#### [Material for the task]
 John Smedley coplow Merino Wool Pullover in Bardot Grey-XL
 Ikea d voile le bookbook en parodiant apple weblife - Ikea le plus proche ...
* * *
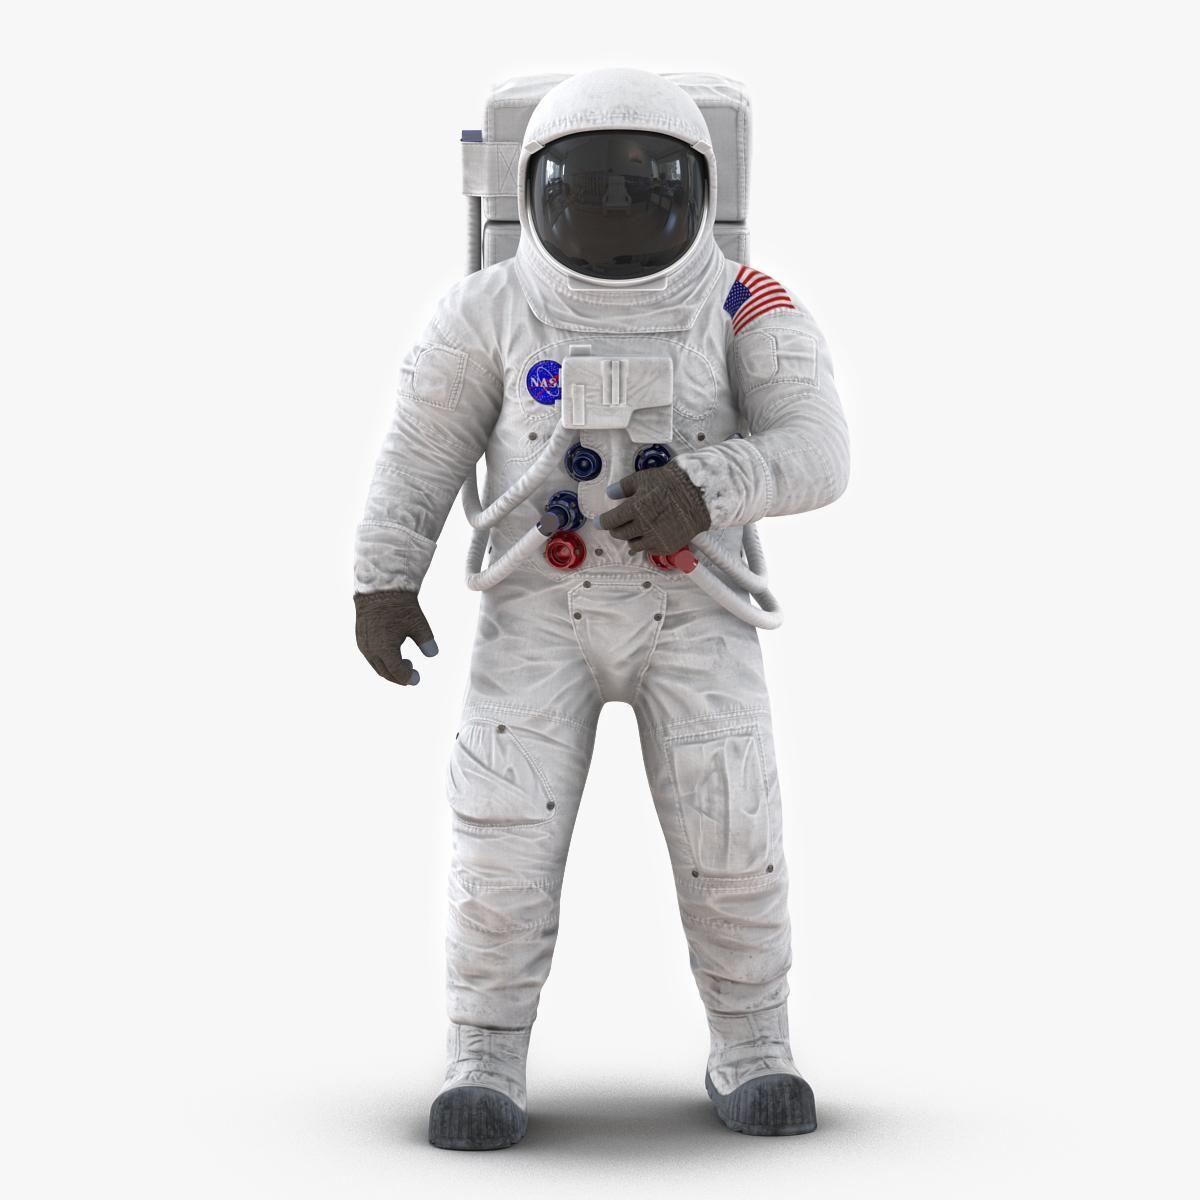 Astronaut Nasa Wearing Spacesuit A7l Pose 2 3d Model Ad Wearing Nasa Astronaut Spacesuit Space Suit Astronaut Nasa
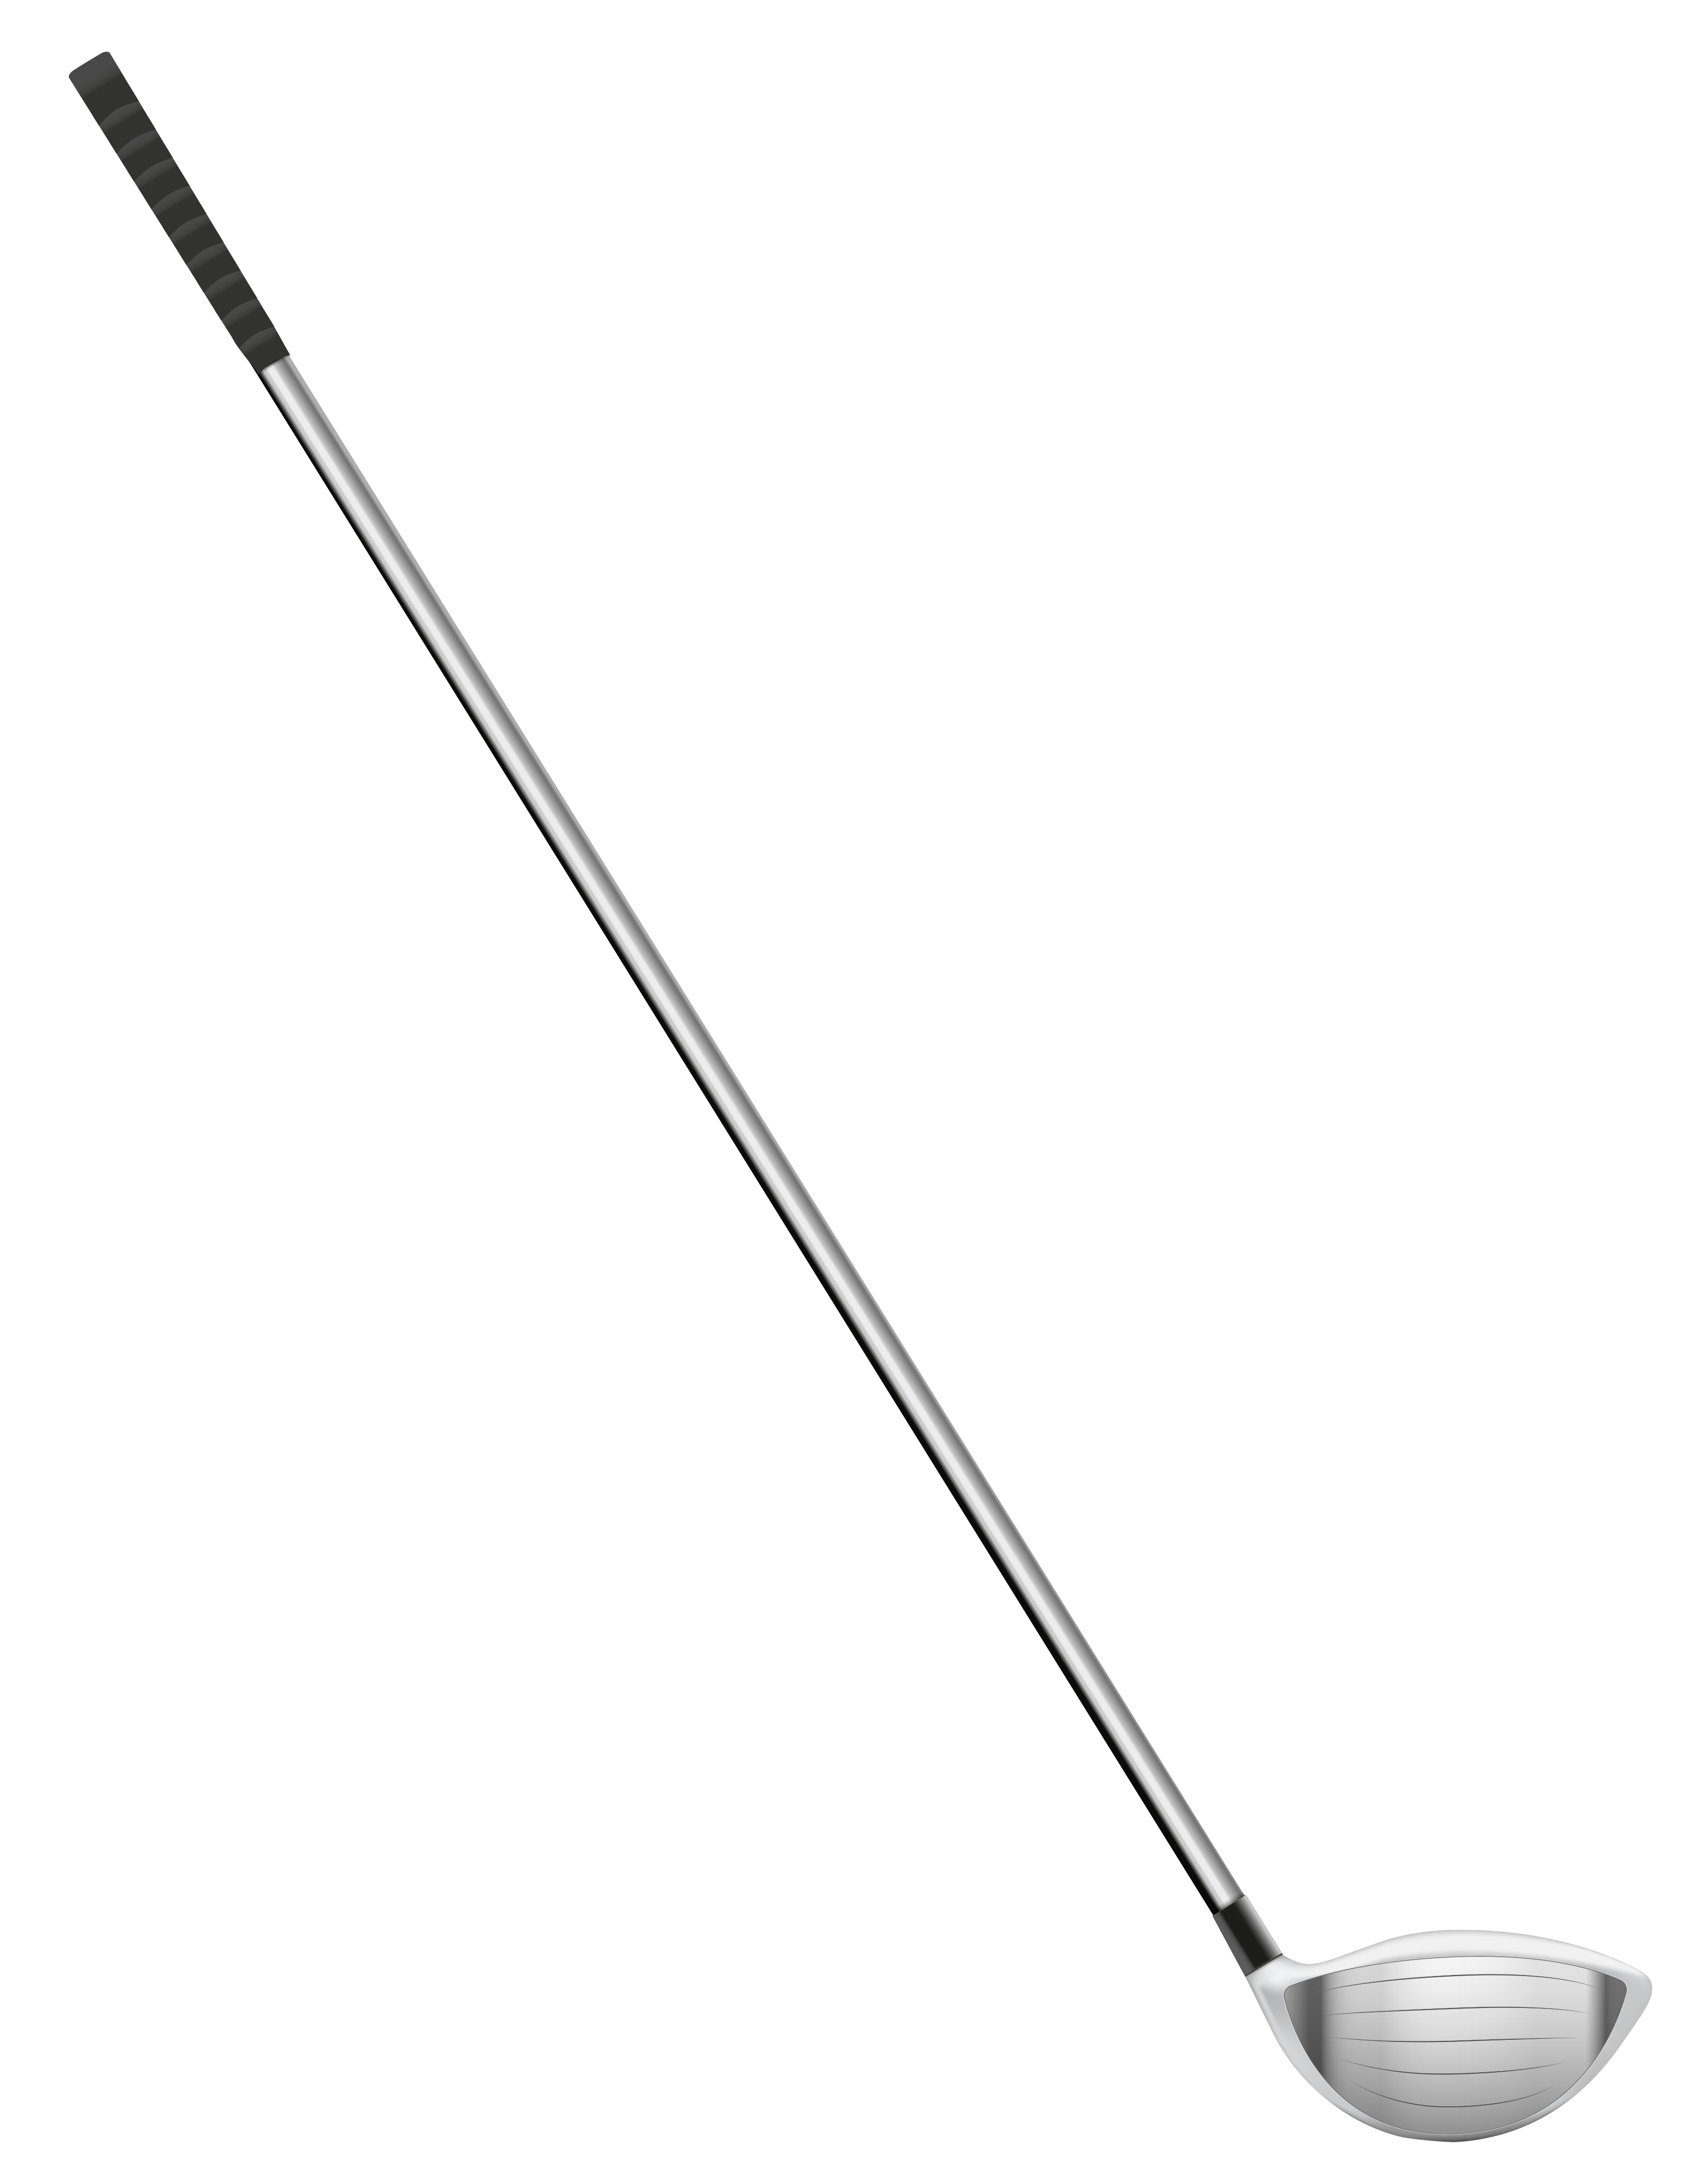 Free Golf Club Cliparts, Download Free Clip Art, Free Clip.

#### [Work to be completed]
Your answer should consist only of the lines above between the line holding "John Smedley coplow" and the line holding "Ikea d voile", inclusive, each transcribed exactly.

#### [Your response]
 John Smedley coplow Merino Wool Pullover in Bardot Grey-XL
 Ikea d voile le bookbook en parodiant apple weblife - Ikea le plus proche ...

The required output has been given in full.